Normally, when a star goes supernova, the thermonuclear explosion blows it utterly apart, leaving nothing behind. An astronomer with Las Cumbres Observatory announced this week, however, that he observed a supernova named SN 2012Z in the nearby spiral galaxy NGC 1309 that had not only survived the explosion but grew larger and brighter as a result.
“I was stunned,” said Dr. Curtis McCully of the discovery, which was the subject of a Wednesday press conference and a newly published article in The Astrophysical Journal. “My immediate reaction was that I did something wrong.” But a re-analysis of the data revealed McCully’s eyes weren’t deceiving him and SN 2012Z had in fact cheated death.
His new observations confirmed what had only been a working theory. SN 2012Z turned out to be a rare type of supernova, referred to as a Type Iax supernova, that are the dimmer, weaker cousins of the more traditional Type Ia supernova and are the result of a failed Type Ia explosion. McCully and his team believe the half-exploded star got brighter because it puffed up to a much larger size.
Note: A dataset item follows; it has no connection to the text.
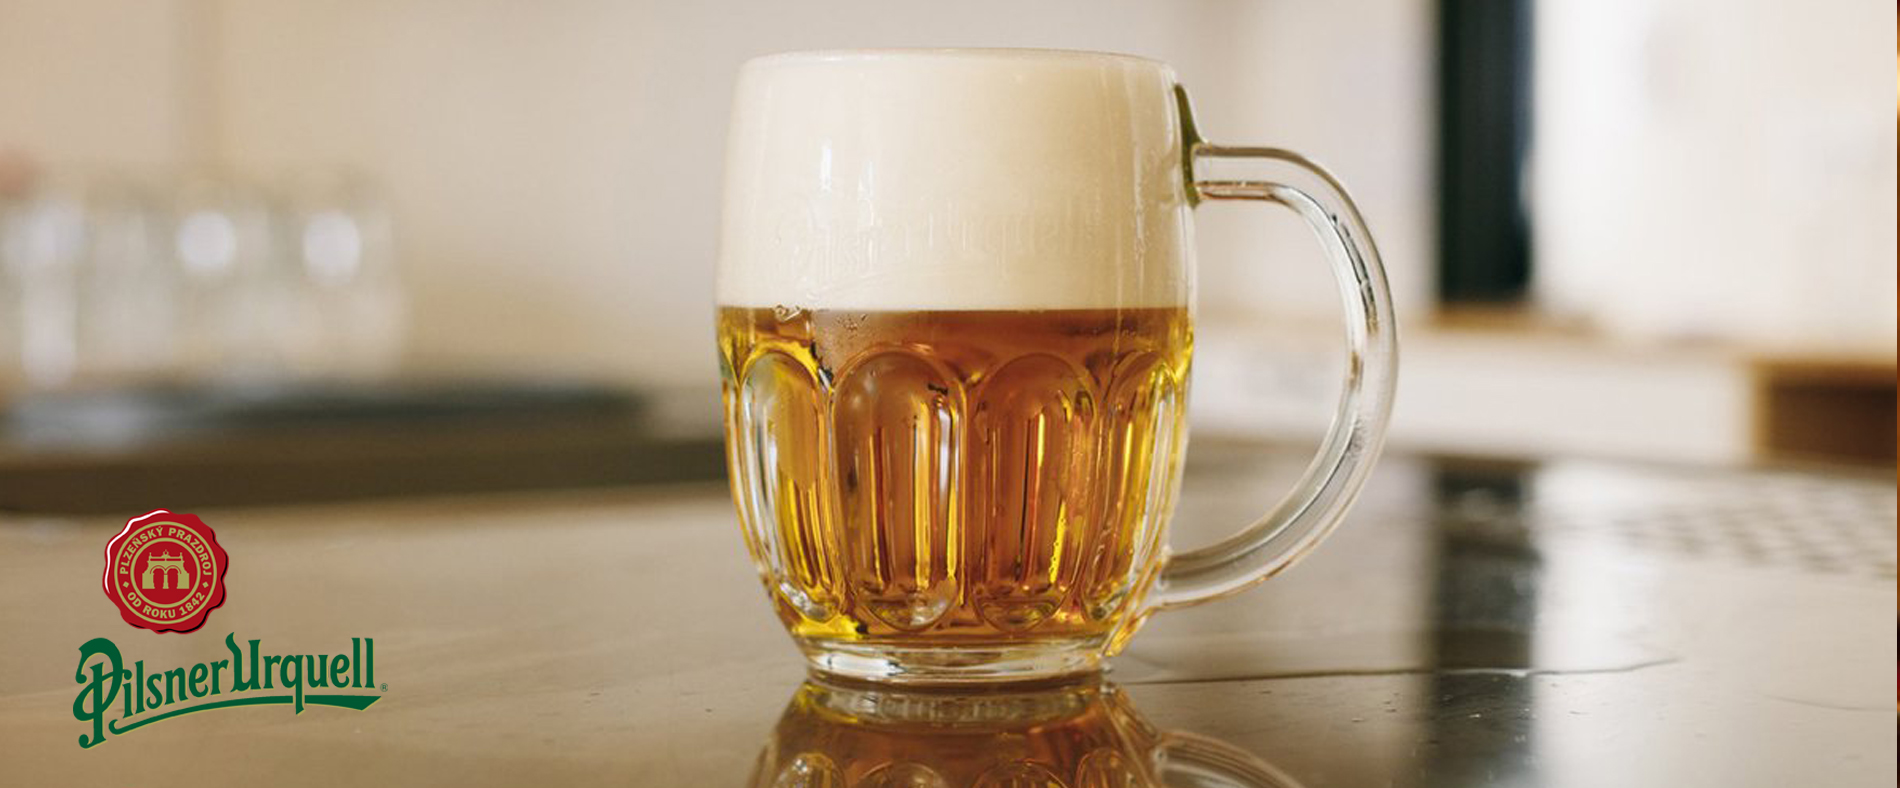 Pilsner Urquell - Bia của thiên tài

Over time, they expect it to slowly return to its initial state, only less massive.
Scientists still aren’t exactly sure what makes a star ― specifically white dwarfs, which are roughly the mass of the sun packed into the size of the Earth ― erupt into supernovas. One theory is that the dwarf steals matter from a companion star and when it gets too heavy, thermonuclear reactions ignite in the core and lead to a runaway explosion.
“This star surviving is a little like Obi-Wan Kenobi coming back as a Force ghost in Star Wars,” said Dr. Andy Howell, another author on the study and a staff scientist at Las Cumbres Observatory. “Nature tried to strike this star down, but it came back more powerful than we could have imagined.”